While OFR is currently a software-only offering that can be downloaded and blasted onto a standard server, it would come as no surprise if Vyatta at some point launched an appliance to run it on, not least because such hardware could also provide a platform for other services besides routing.

Roberts wouldn’t be drawn beyond acknowledging that a dedicated hardware component would represent a very logical step.

As to those other services, he commented that today we’re focused on routing protocols and firewalling, so VPN is a natural add-on, and we’re being inundated with requests to support WiFi.

Roberts cited Linux’s progress from desktop to mainframe as an example of how far an open source platform can go, given the right momentum. To create that momentum, however, Linux required the endorsement of a heavy hitter in enterprise IT, namely IBM, which embraced Linux wholeheartedly from 1999 on, taking it beyond the realm of the ponytailed geek into mainstream enterprise computing.

For the same thing to happen to OFR, it will need a similar patron. Roberts said Vyatta had already received some early shows of interest, but it’s still early days. Who would be likely candidates for the role? Certainly not Cisco or Juniper, which have invested too much in their proprietary OSes to see their user base cannibalized by an open source alternative.
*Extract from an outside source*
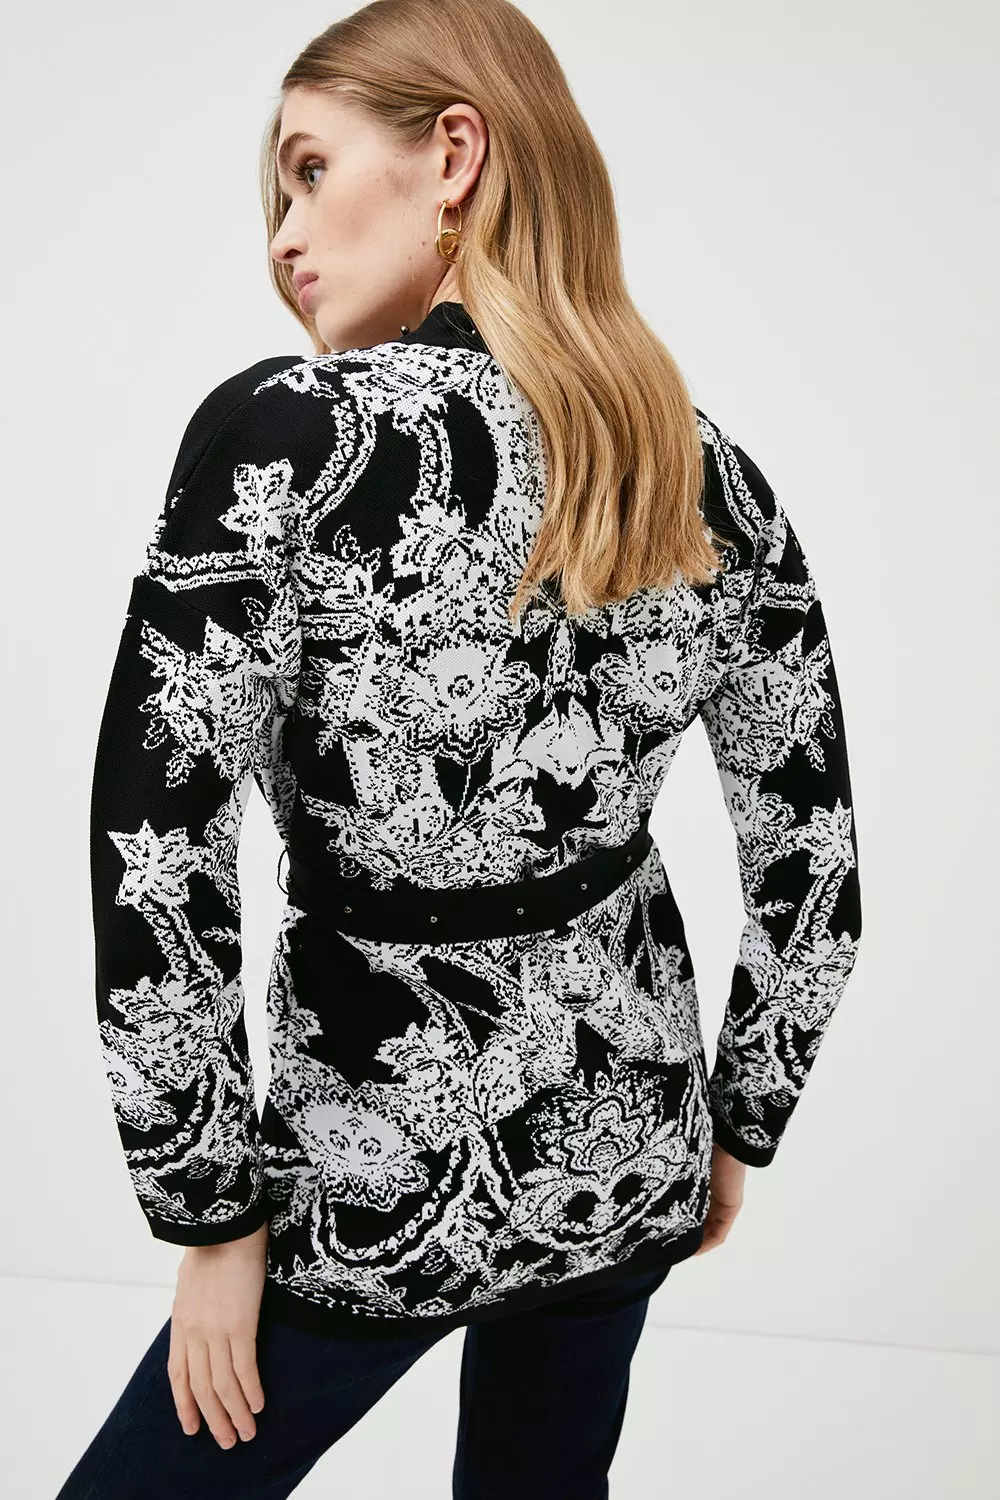 Mirror Paisley Jacquard Knit Belted Cardigan

Perhaps a challenger like Nortel of 3Com, each trying to get back into the game, or one of the newer players out of Asia (e.g. Huawei or ZTE from China, Allied Telesyn from Japan, D-Link from Taiwan) might care to step up to the plate. Or perhaps even Dell, the great commoditizer, which despite a couple of forays has so far failed to replicate in networking the impact it has had in desktops, servers and now printers.